It’s been 6 months since we got ourselves present in Perth, Western Australia. So far, it’s been a steep learning curve for me as I got myself acquainted with the culture here, and tried to figure out how to set up a business in all sense and aspects. Australia is very different to Singapore, and as I like to say, I probably learnt more in the past 6 months what didn’t work than what did.
Yet we press ahead. In times like this, it can feel demoralising as we can’t really articulate a tangible progress nor have results to show. Thankfully I had time in January to reflect and mull over our journey further in depth. A quote by Fredrick Douglass particularly impressed on me that we have grown – through the ‘no’s, we have gained clarity on what the ‘yes’ can look like.
Without a struggle, there can be no progress”
It’s been a stretch of our grit and resilience. In full acknowledgement that the journey ahead is still long, and that we definitely need all the help we can get, Mei Yi and I decided to commit to the Bloom ‘s Social Enterprise Program that ran for 5 weeks. Weekly, we worked through our Lean Canvass, sharpening our target audience and key product etc. Most importantly, the discussions helped us to agree on and articulate our priority for this year – creating a Train the Trainer model for our Fundamental Cents #transforming curriculum targeted at educators of Year 11 & 12 students in Perth. We finished off last week with a pitch, judged by Jasmin & Jeroen from Bloom and Iain McIntyre from Humm, gaining valuable feedback from different perspectives.

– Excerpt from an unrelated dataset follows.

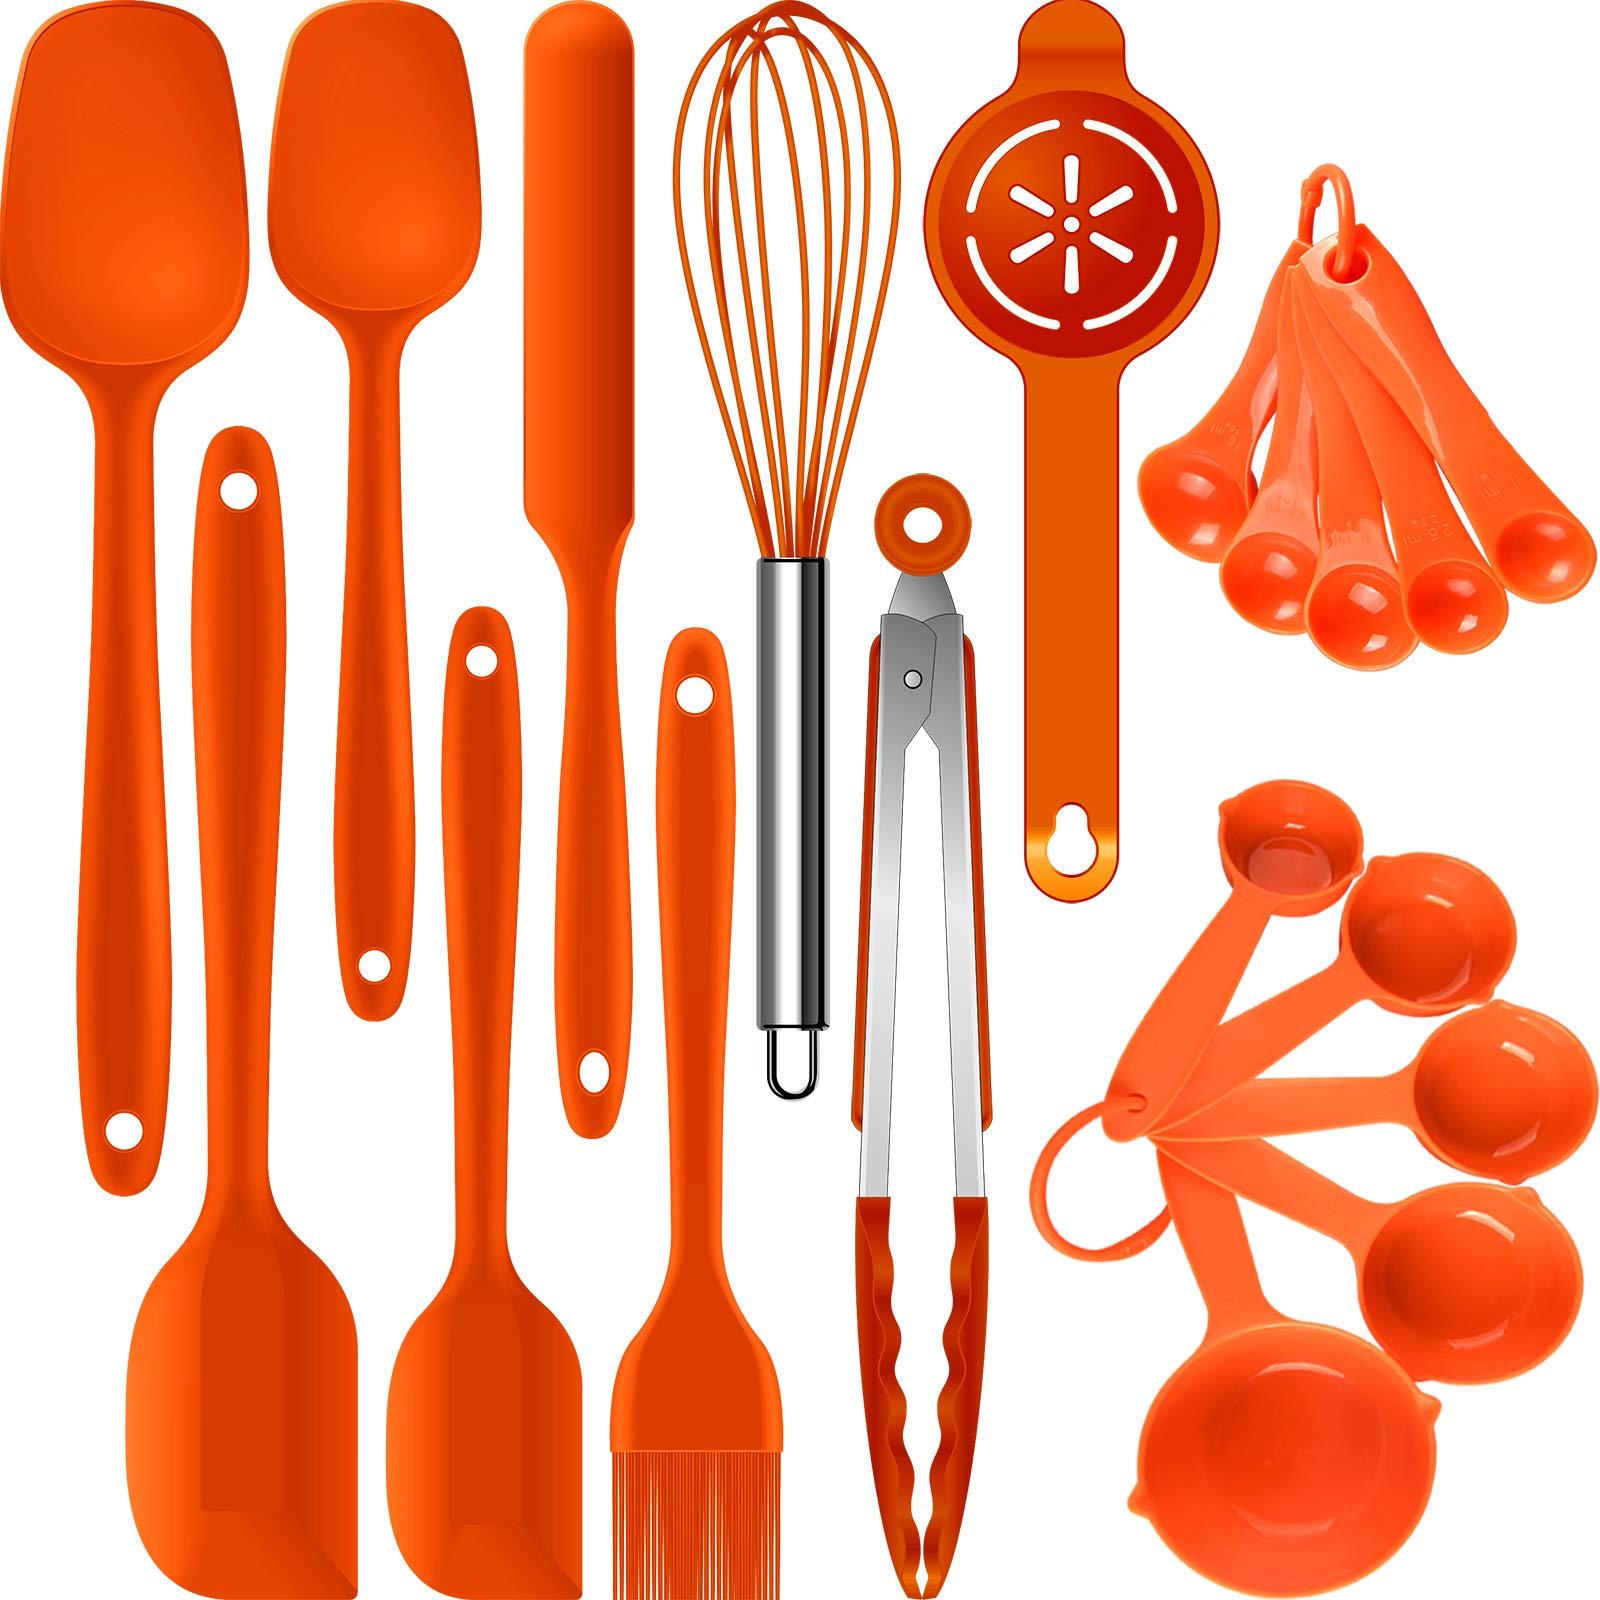 Silicone Spatula Set - Spatulas Heat Resistant,Rubber Spatula Set, Mixing/Baking Utensils,Cooking Spatulas for Nonstick Cookware,Kitchen Spatula Tools,BPA-Free. Dishwasher Safe.(Orange)

The entire pitching process was a nerve-wracking experience for me. I didn’t feel adequately prepared nor confident to take on the task but we showed up, experienced the pitch and now looking back, I learnt 3 important lessons that can be applied to life in general:
1) Drill in to Absolute Clarity
When communicating with another, it’s more important to share succinctly and clearly rather than overload with information. Often, it can be tempting to add in more information, thinking that we are providing context or additional useful information. However this can overwhelm the listener, and add ‘noise’ to the message we are trying to convey. Drilling in to exactly ‘what’ we want to say and ‘why’, and articulating ‘what’ we want from the listener can help improve the way we connect with others, making it easier for them to know what is expected from them. This facilitates the building of more powerful relationships between people.
2) Leverage on Team Work
As a ‘recovering’ perfectionist, it is hard for me to trust others. Yet it’s absolutely a fact that no one can do everything alone. Through the pitch, I have learned to play to my strengths and turn to Mei Yi for her expertise/ experience when needed. In the pitch’s Q&A, she had insights on youths gleaned through her teaching experiences which I don’t. Her credibility when sharing about her insights is invaluable. Likewise, in life – we have family and friends who have experiences and wisdom that we may not have, that can be invaluable to our personal journey. I recall a friend who shared with me how she loves spending time with her grandmother because her grandma’s wise words taught her much about people skills. Who, in your life, can you co-opt into your team to help you in this journey called life?
3) Believe in Yourself
My past experience in pitches hasn’t always went well. That and memories of tanked presentations always surface in my consciousness before I do public speaking. Each time I stand before an audience, I always likened the experience to walking on water as it involves an internal choice to trust that I will do my best and things will be alright. Learning to believe in myself is probably one of the hardest yet most crucial choice in my #adulting journey. Particularly for pitches, it is easy sometimes to think that ‘others know better’ and blindly follow advice given. However, feedback from different people can be conflicting. I love this tip from Iain where he reminds us that at the end of the day, we know our business best and hence it is up to us to take on the feedback, determine what value-adds and what has to be left behind.
In life, that can also be applied. From birth, we have expectations laid on us by our parents. Then there are the peers and other humans whom we interact with that have their opinion on who we should be/dress/eat etc. Everyone can commentate and you can turn to them for ideas/thoughts. Let’s not forget though, that YOU are living the life and going through the experiences. End of the day, make your choice and believe that YOU did the best for YOU.
And so with that, I wrap up this chapter of being in the Bloom’s program, thankful for both the ‘business’ and ‘life’ lessons that I have gained. As a side note, we did ask for funds to run our talks in schools and workshops to youths here in Perth. At this time of writing, we are still waiting for the grant results so I am excited to see where this leads us in the next step of our WA journey!